╔══

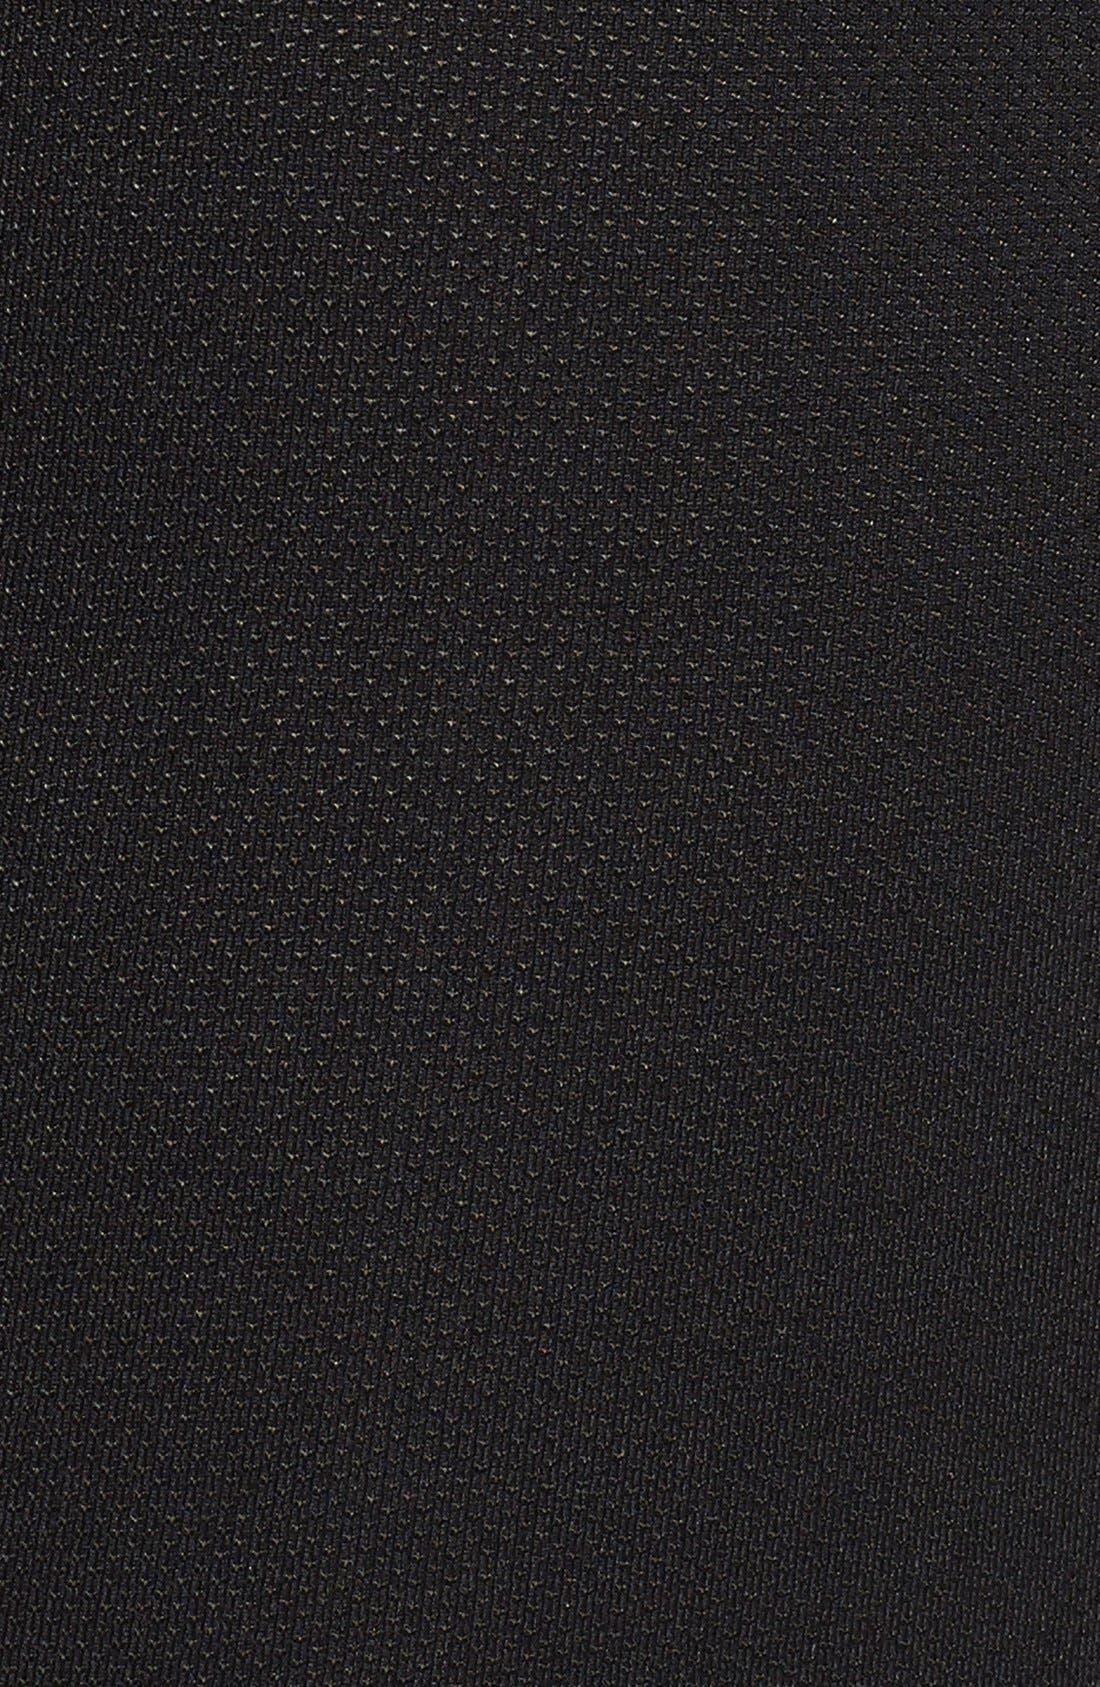 Air FX Low Rise Boxer Briefs,                             Alternate thumbnail 3, color,                             Black
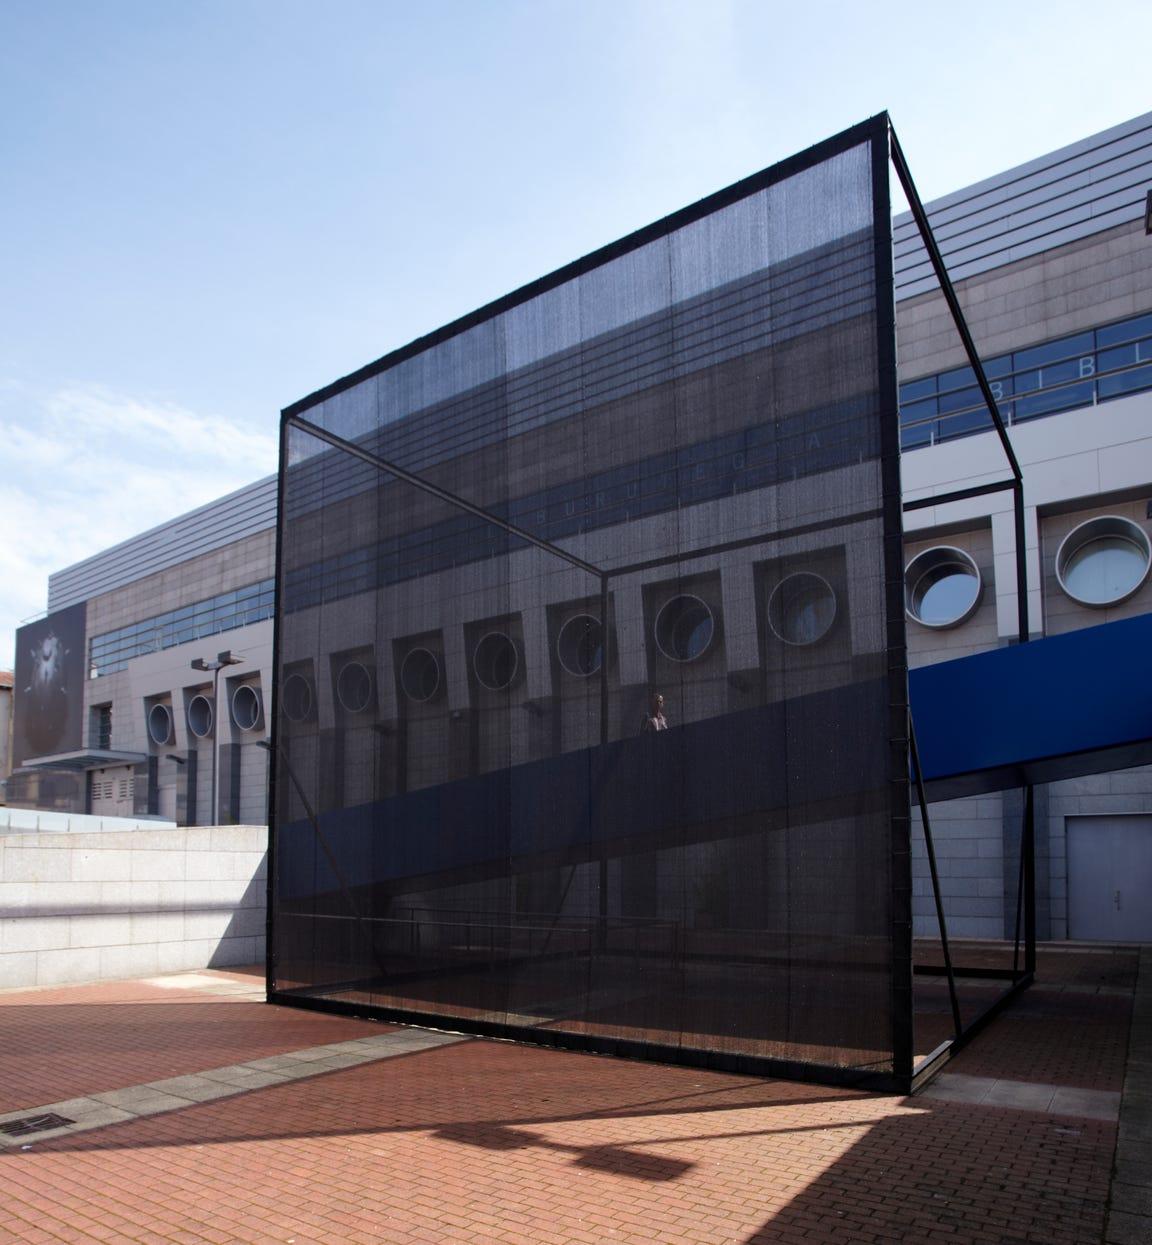 """""""Cuadrado Negro,"""" 2013 by Pia Camil at Basque Museum-Center of Contemporary Art"""
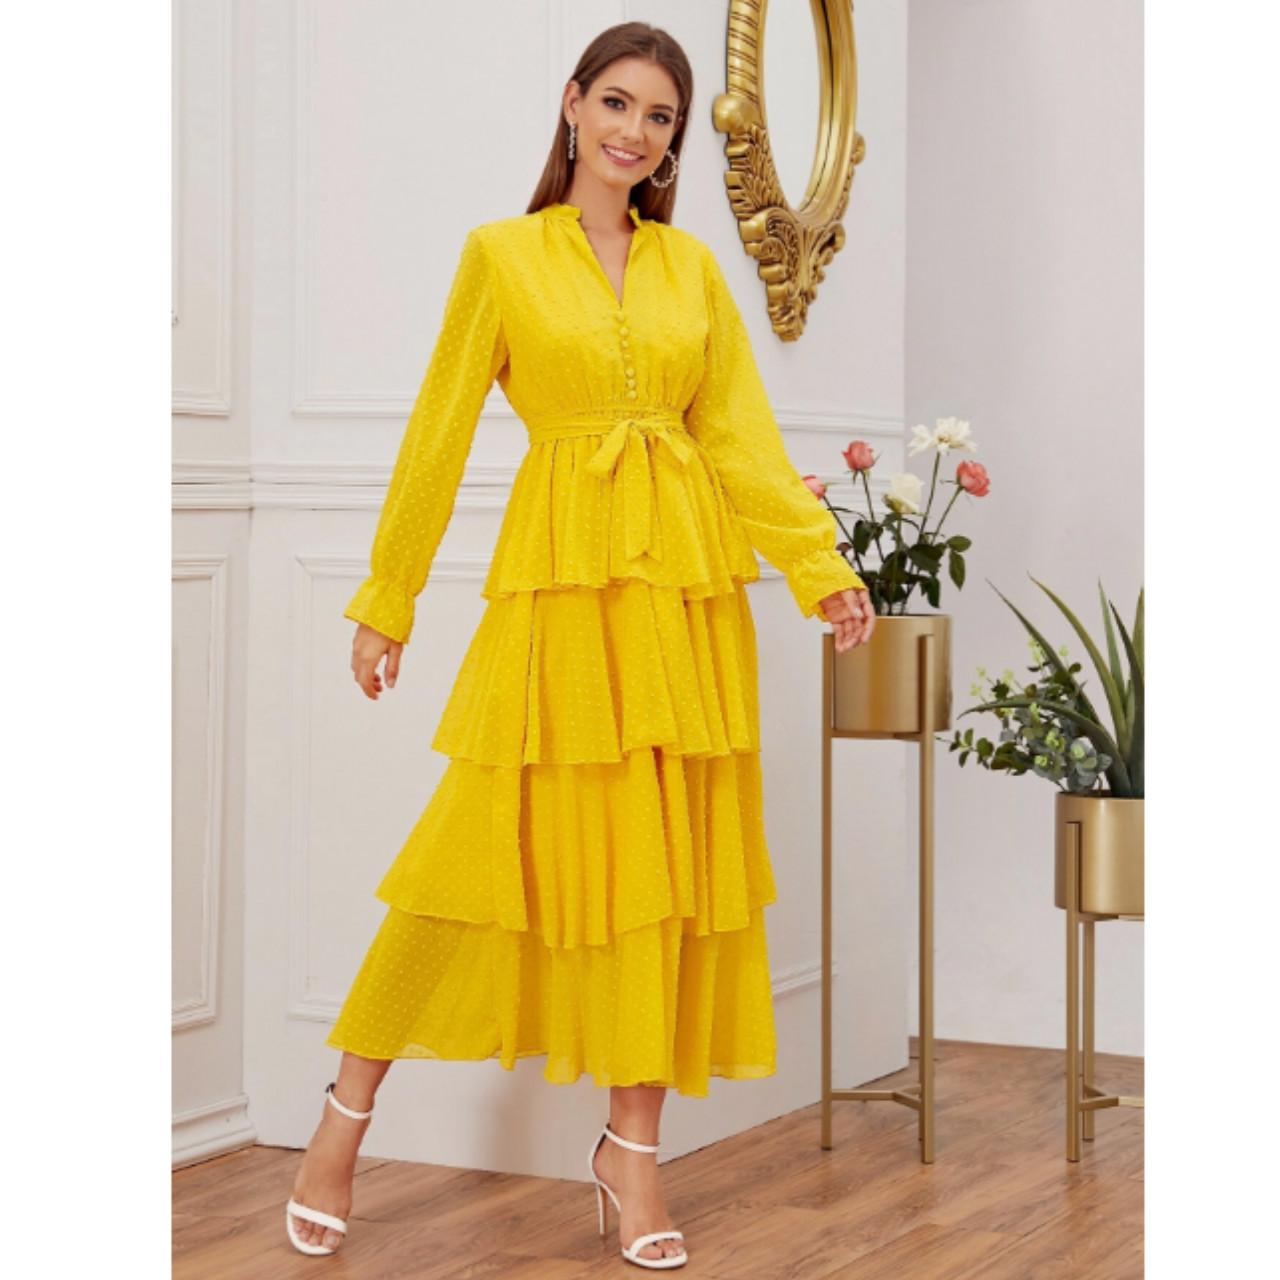 Swiss dot layered ruffle trim belted dress m

╚══

### Work instruction
The whole listing above is to be printed exactly; the pictures stay out.

### The answer
 Air FX Low Rise Boxer Briefs,                             Alternate thumbnail 3, color,                             Black
 """""""Cuadrado Negro,"""" 2013 by Pia Camil at Basque Museum-Center of Contemporary Art"""
 Swiss dot layered ruffle trim belted dress m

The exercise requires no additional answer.